农业螯合物：市场占有率分析、产业趋势与统计、成长预测（2026-2031）

2025 年农业螯合物市场价值 12.2 亿美元，预计到 2031 年将达到 18.8 亿美元，高于 2026 年的 13.1 亿美元。

预计在预测期（2026-2031 年）内，复合年增长率将达到 7.49%。

市场成长的关键驱动因素包括：在耕地面积不断减少的情况下，提高作物产量的压力日益增大；精准施肥系统的日益普及；以及粮食安全需求。主要农业区的农民使用缓释螯合剂来应对锌和铁缺乏症，即使大量营养元素供应充足，锌和铁缺乏症也会导致产量下降高达50%。联合国粮食及农业组织（粮农组织）预测，2050年，灌溉耕地面积将增加3,200万公顷（11%），灌溉耕地收穫面积将扩大17%。

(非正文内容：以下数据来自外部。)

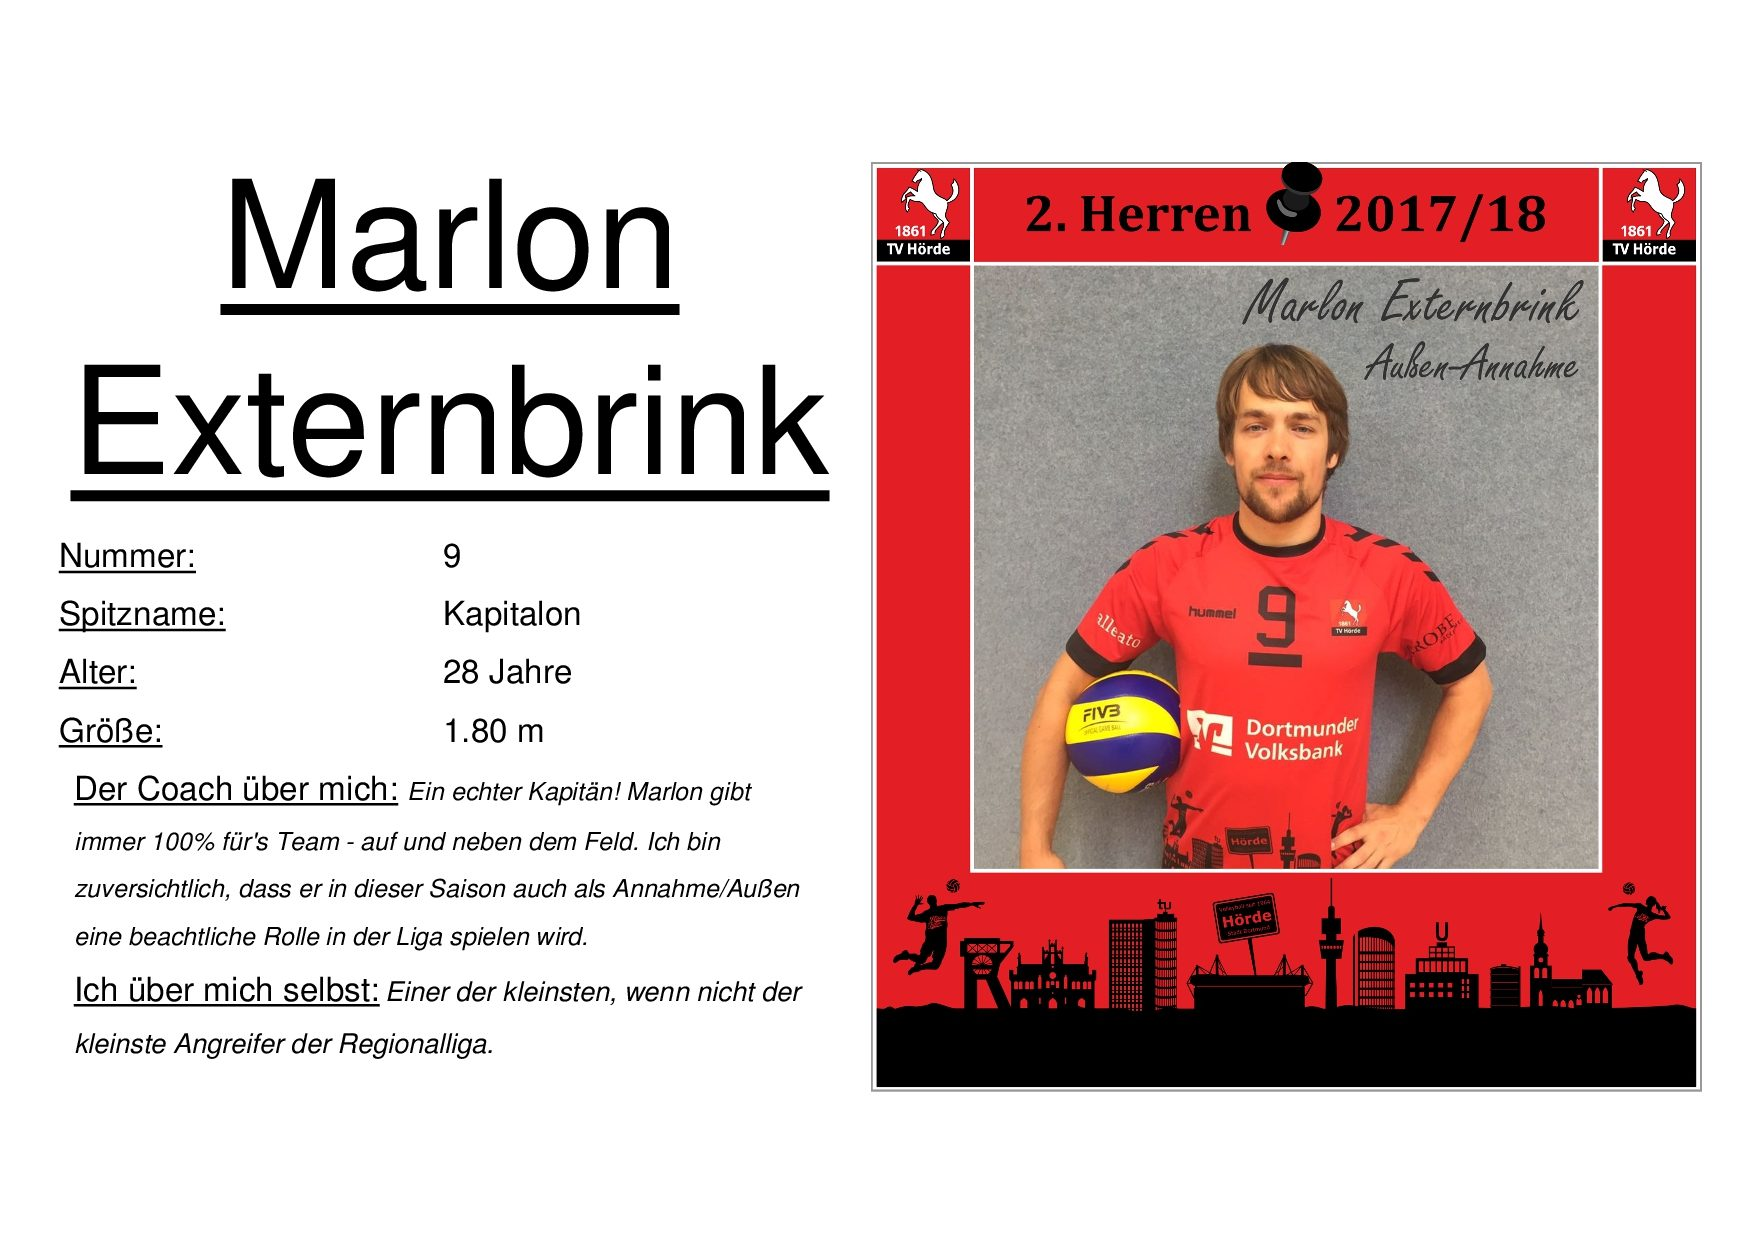 Marlon Externbrink

这种扩张，尤其是在开发中国家，促使人们更加关注高效率的农业养分输送系统。欧盟对乙二胺四乙酸（EDTA）排放的更严格监管以及美国对高效肥料的45Z税额扣抵政策，正在推动对既能提高产量又能满足环境要求的可生物降解螯合剂的需求。这些监管趋势已将农业螯合物市场确立为现代作物营养策略的关键组成部分。

全球农业螯合物市场趋势及展望

全球粮食安全与耕地减少

根据联合国粮食及农业组织（粮农组织）的数据，到2050年，全球人口预计将超过90亿，届时全球粮食需求需要增加70%，而人均耕地面积却持续减少。为了应对这项挑战，农民正在使用螯合微量元素来最大限度地提高现有土地的产量。研究表明，即使氮、磷、钾供应充足，未被发现的微量元素缺乏也会导致作物减产20%至50%。螯合物透过在不同的pH值下保持金属溶解度来解决这一问题。美国温室农业的扩张推动了对高品质微量元素溶液的需求，尤其是在循环水耕系统。耕地有限、人口成长以及室内农业的扩张预计将持续推动农业螯合物市场的成长。

土壤中微量元素缺乏

土壤调查证实，超过50%的耕地缺锌，约30%的耕地缺铁，尤其是碱性或钙质土壤。在这些pH条件下，传统的硫酸盐肥料容易沉淀，限制了植物对微量金属的吸收。螯合微量元素肥料藉由保护金属离子免于沉淀，在pH 4-9的范围内保持溶解状态。每年因微量元素缺乏造成的作物损失高达150亿至200亿美元，证明了使用螯合产品保护作物产量和品质的必要性。

对合成螯合剂的严格监管

针对合成螯合剂的环境法规限制了市场成长，尤其是传统的EDTA（乙二胺四乙酸）和DTPA（二乙烯三胺五乙酸）製剂，因为它们具有环境持久性和水生毒性。根据欧盟的REACH法规，EDTA被归类为高度持久性物质，其土壤半衰期超过365天，并具有中度慢性水生毒性。加州将于2025年实施针对螯合剂的特定标籤要求，而美国环保署（EPA）的指导方针限制了饮用水中EDTA的浓度。流域监测已检测到径流中EDTA浓度高达261µg/L，导致製造商的合规成本增加。这些监管指导方针正在减少合成产品的销售量，并限制农业螯合剂市场的成长。

细分市场分析

截至2025年，合成螯合剂占农业螯合剂市占率的64.62%。乙二胺四乙酸（EDTA）对多种金属具有亲和性，而乙二胺-N,N'-双(2-羟基苯乙酸)（EDDHA）在碱性土壤中表现良好。二乙烯三胺五乙酸（DTPA）在中性pH值下具有很强的络合作用，是可控环境农业中封闭式灌溉施肥和水耕系统必不可少的螯合剂。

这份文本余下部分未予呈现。